Learning sensorimotor mappings involves machine learning algorithms, which are typically regression algorithms to learn forward models, from motor controllers to sensory effects, and optimization algorithms to learn inverse models, from sensory effects, or goals, to the motor programs allowing to reach them. We call these sensorimotor learning algorithms sensorimotor models. Explauto provides a unified interface to define such models using the SensorimotorModel class. The library comes with several built-in sensorimotor models: simple nearest-neighbor look-up, non-parametric models combining classical regressions and optimization algorithms, online mixtures of Gaussians, and discrete Lindstone distributions. Explauto sensorimotor models are online learning algorithms, i.e. they are trained iteratively during the interaction of the robot in the environment in which it evolves.

The way the robot will collects its own sensorimotor experience have a strong impact on learning efficiency because for most robotic systems the involved spaces are high dimensional, the mapping between them is non-linear and redundant, and there is limited time allowed for learning.

alternate text

Complex sensorimotor mappings involve a high dimensional sensorimotor spaces. For the sake of visualization, the motor M and sensory S spaces are only 2D each in this toy example. The relationship betwwen M and S is non-linear, divinding the sensorimotor space into regions of unequal stability: small regions of S can be reached very precisely by large regions of M, or large regions in S can be very sensitive to variations in M.: s as well as a non-linear and redundant relationship. This non-linearity can imply redundancy, where the same sensory effect can be attain using distinct regions in M.

Thus, if robots explore the world in an unorganized manner, e.g. randomly, learning algorithms will be often ineffective because very sparse data points will be collected. Data are precious due to the high dimensionality and the limited time, whereas date are not equally useful due to non-linearity and redundancy. This is why learning has to be guided using efficient exploration strategies, allowing the robot to actively drive its own interaction with the environment in order to gather maximally informative data to feed the sensorimotor model.

In the recent year, work in developmental learning has explored various families of algorithmic principles which allow the efficient guiding of learning and exploration.

In Explauto, this strategies are called interest models. They implements the active exploration process, where sensorimotor experiments are chosen to improve the forward or inverse prediction of the sensorimotor model. Efficient versions of such mechanisms are based on the active choice of learning experiments that maximize learning progress, for e.g. improvement of predictions or of competences to reach goals (Schmidhuber, 1991 ; Oudeyer, 2007). This automatically drives the system to explore and learn first easy skills, and then explore skills of progressively increasing complexity.

Explauto provides a unified interface to define such models using the InterestModel class.

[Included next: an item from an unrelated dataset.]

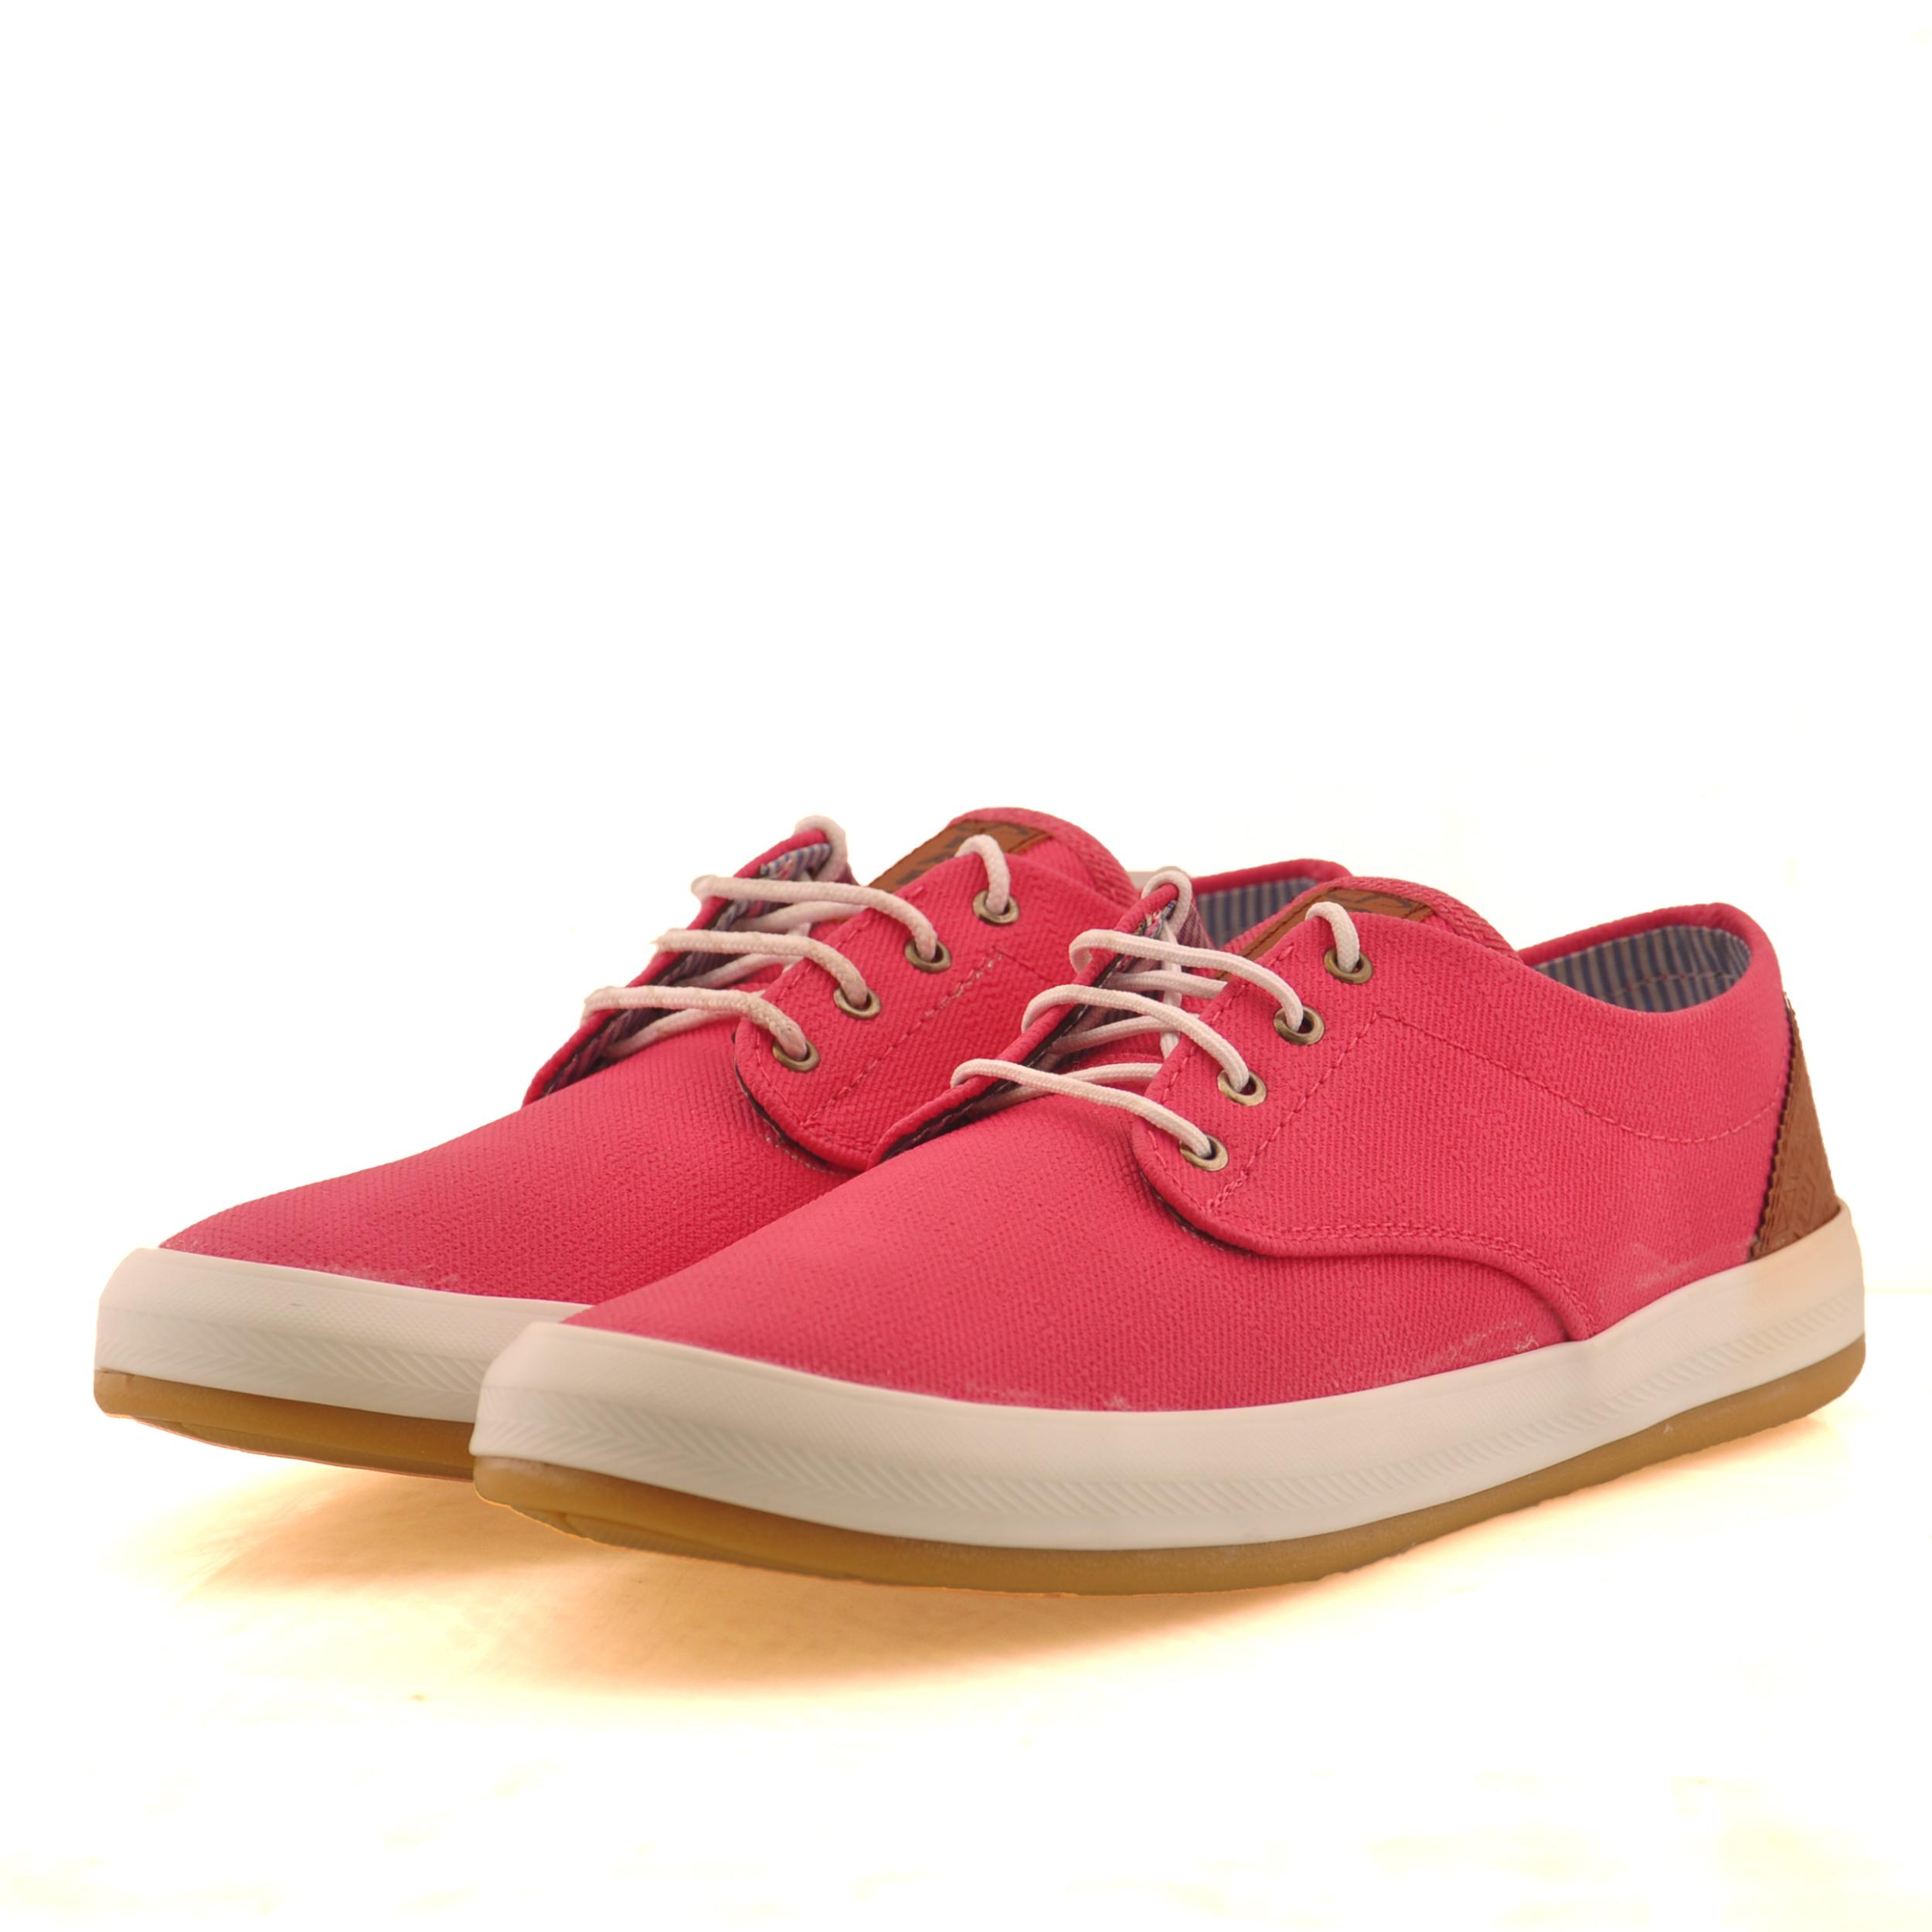 کفش روزمره زنانه کد tr900 main 1 2

The library comes with two built-in interest models: random sampling as well as sampling maximizing the learning progress in forward or inverse predictions.

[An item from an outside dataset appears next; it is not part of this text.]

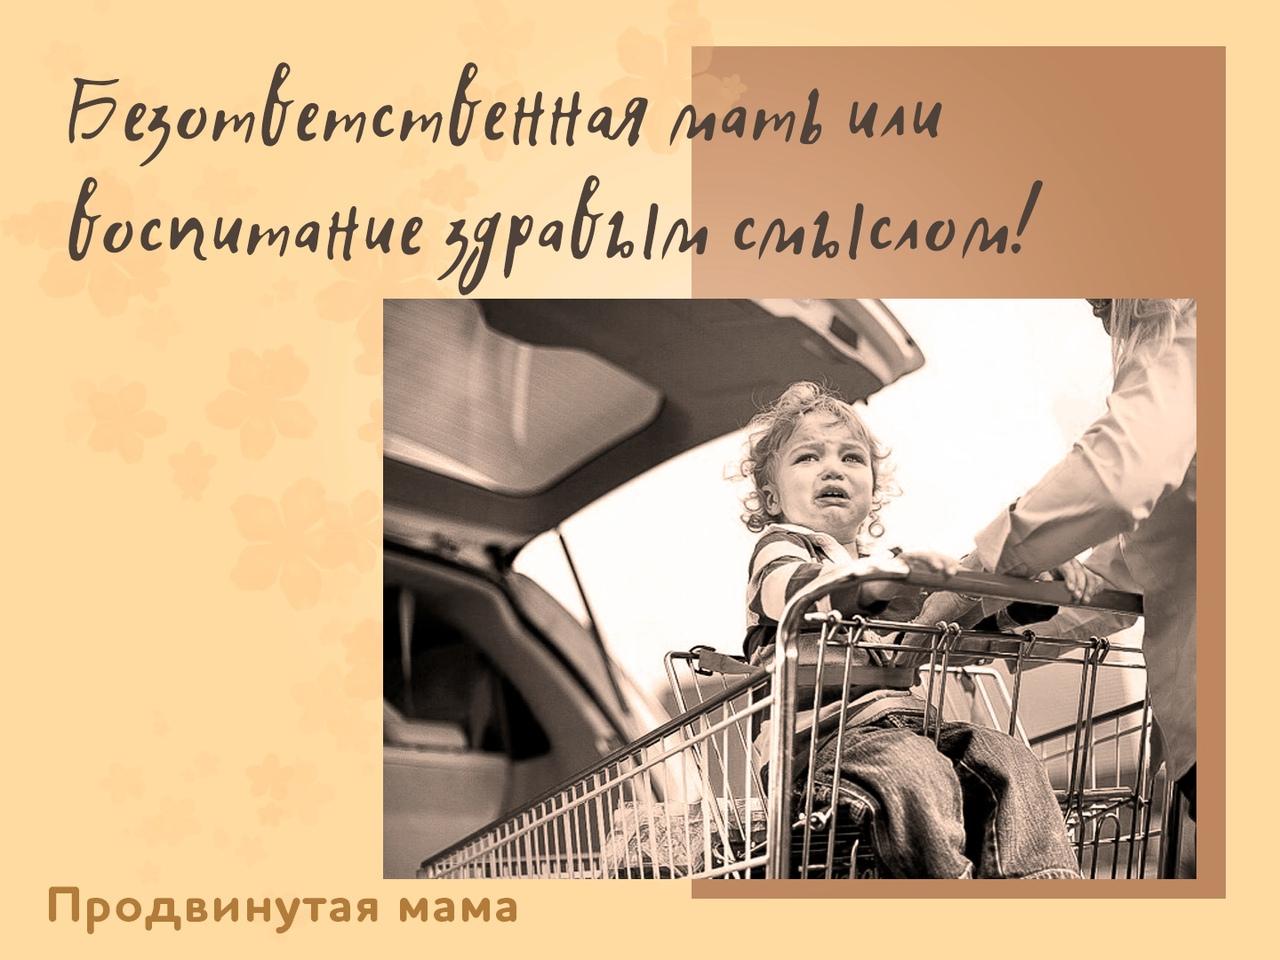 От администратора. То что материнство не должно быть трудным, я уже поняла давно...

Both random and learning progress models can act either on the motor or on the sensory space, resulting in motor babbling or goal babbling (Oudeyer and Kaplan, 2007; Rolf and Steil, 2010) strategies.

  • Motor babbling consists in sampling commands in the motor space according to a given strategy (random or learning progress), predicting the expected sensory consequence, executing the command through the environment and observing the actual sensory effect. Both sensorimotor and interest models are finally updated according to this experience.
  • Goal babbling consists in sampling goals in the sensory effect space and to use the current state of the sensorimotor model to infer a motor action supposed to reach the goals (inverse prediction). The robot/agent then executes the command through the environment and observes the actual sensory effect. Both sensorimotor and interest models are finally updated according to this experience.

It has been shown that this second strategy allows a progressive covering of the reachable sensory space much more uniformly than in a motor babbling strategy, where the agent samples directly in the motor space.

Our research team has combined both principles into a more general family of autonomous exploration architecture (Baranes, 2013) and recently expressed as a compact and unified formalism (Moulin-Frier, 2013).

The resulting architecture is summarized below.

alternate text

The Explauto architecture involves three processing levels. M and S are the motor and the sensory space. X is called the interest space: it corresponds to M in motor babbling stategies and to S in goal babbling ones. Light arrows are training signals.

Explauto builds upon these research and provides a software library to simulate autonomous exploration in virtual an robotic agents.